» RECORDED DATA
-- Opening Marker --
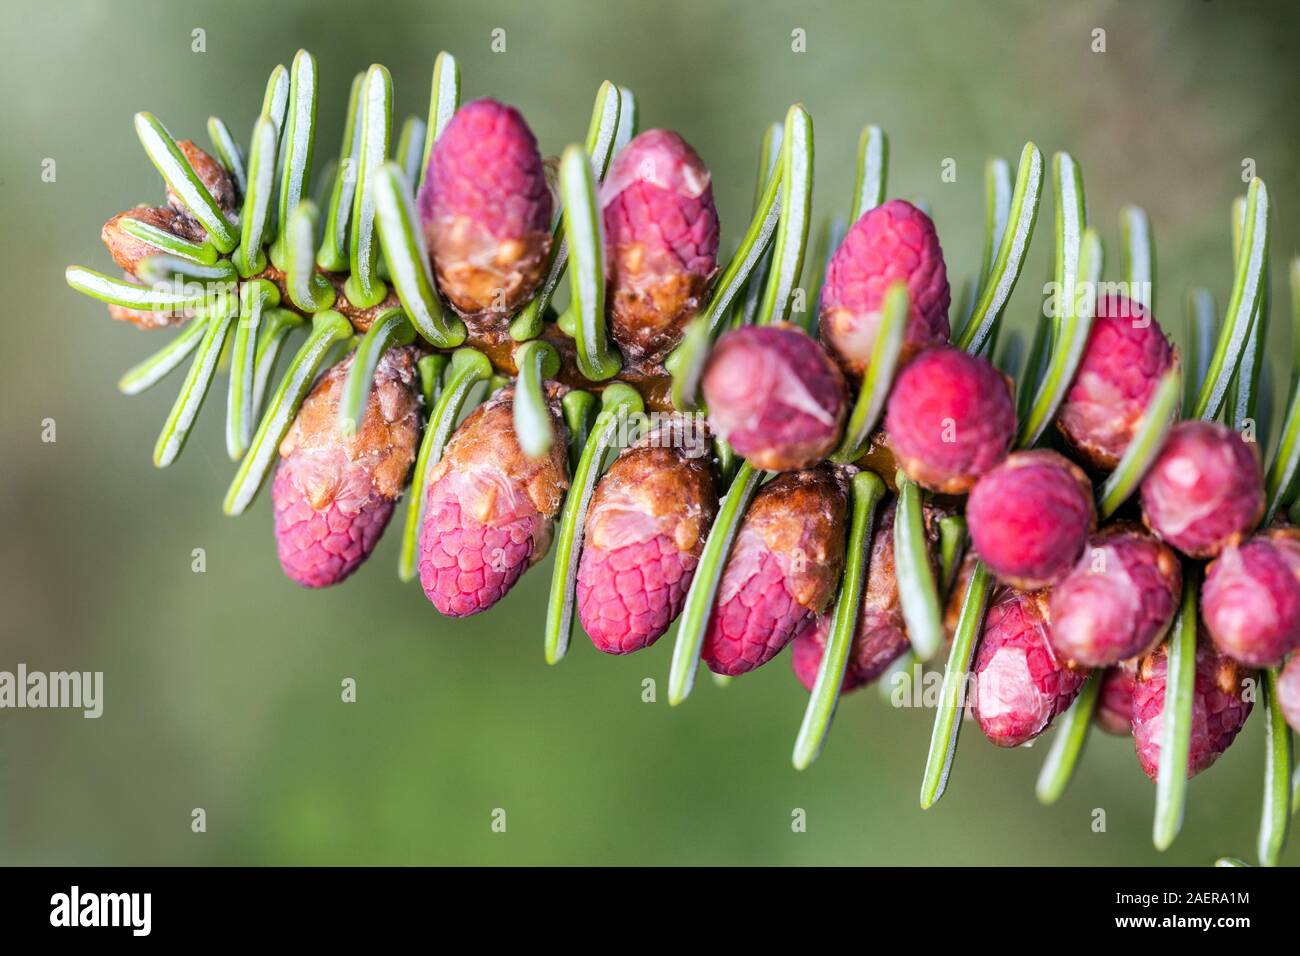 Abies pinsapo ' Fastigiata ' Spanish fir spring cones shoots close up Stock Photo
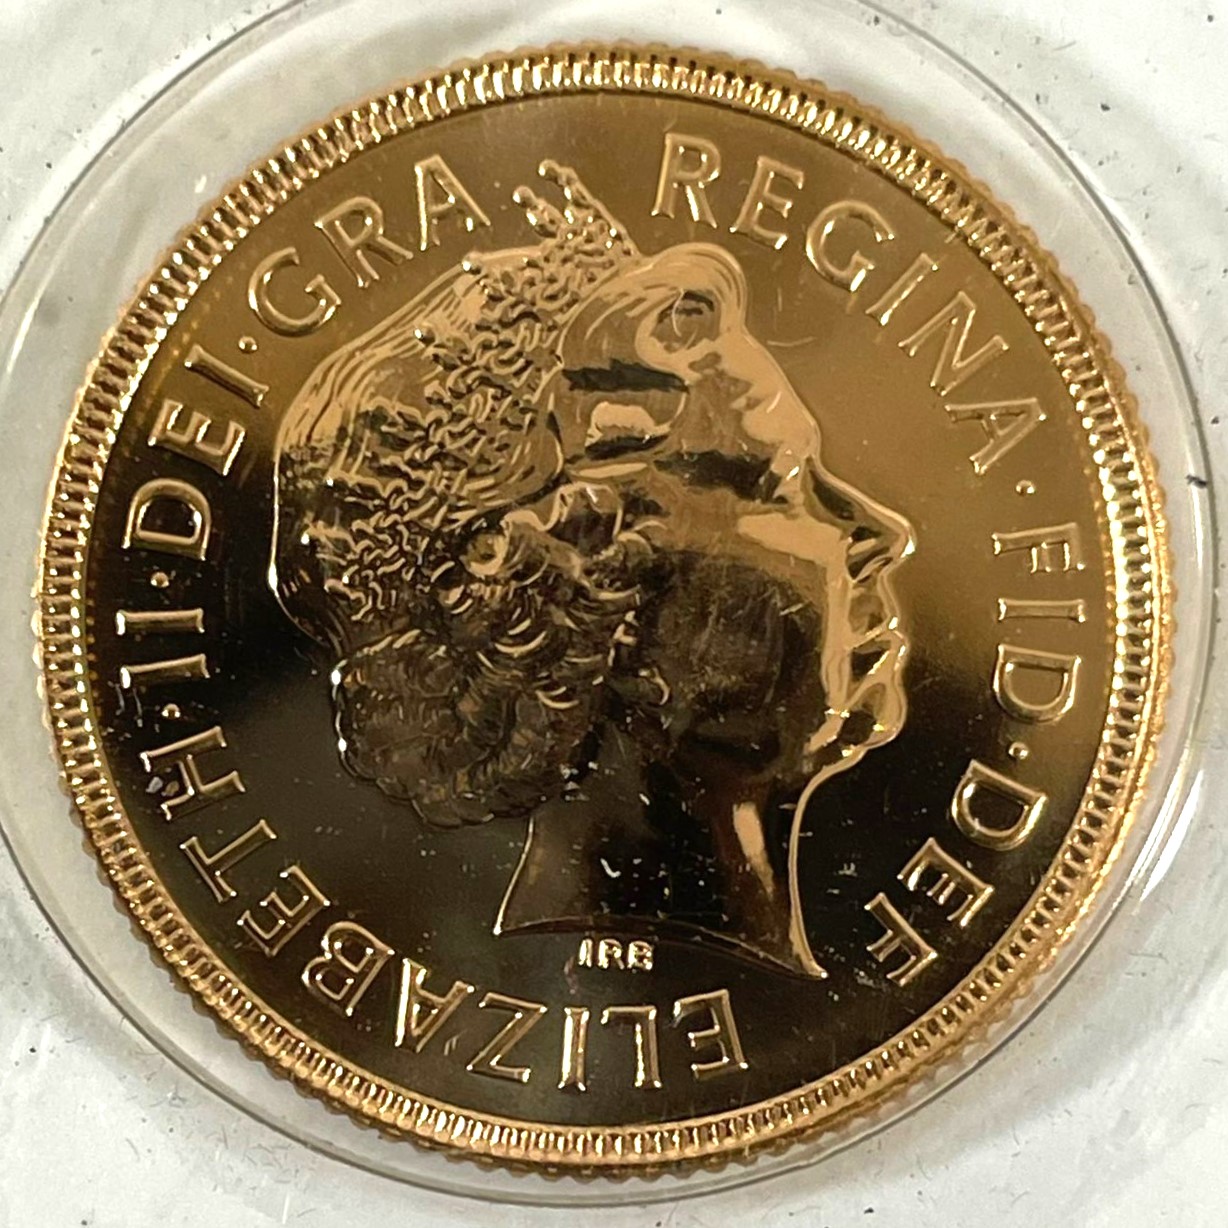 Elizabeth II gold full sovereign dated 2002 - sealed
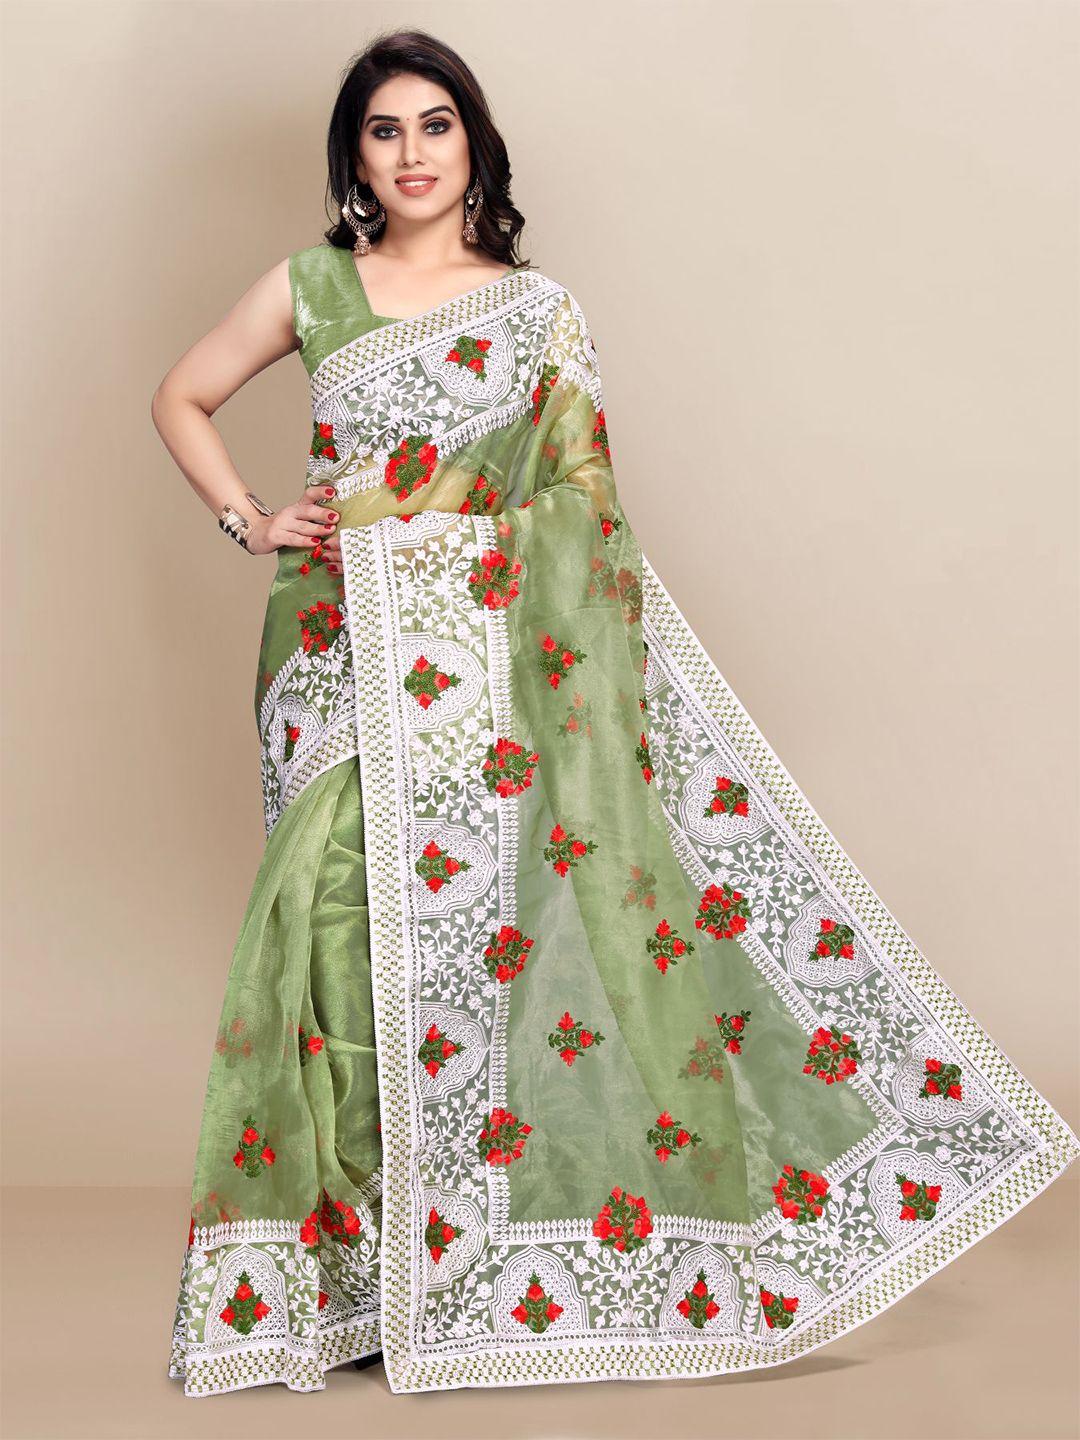 vairagee floral embroidered saree
-- Closing Marker --
» WHAT YOU WILL DO
The full listing, reproduced exactly and without pictures, is the expected output.

» COMPLETED EXERCISE
 Abies pinsapo ' Fastigiata ' Spanish fir spring cones shoots close up Stock Photo
 Elizabeth II gold full sovereign dated 2002 - sealed
 vairagee floral embroidered saree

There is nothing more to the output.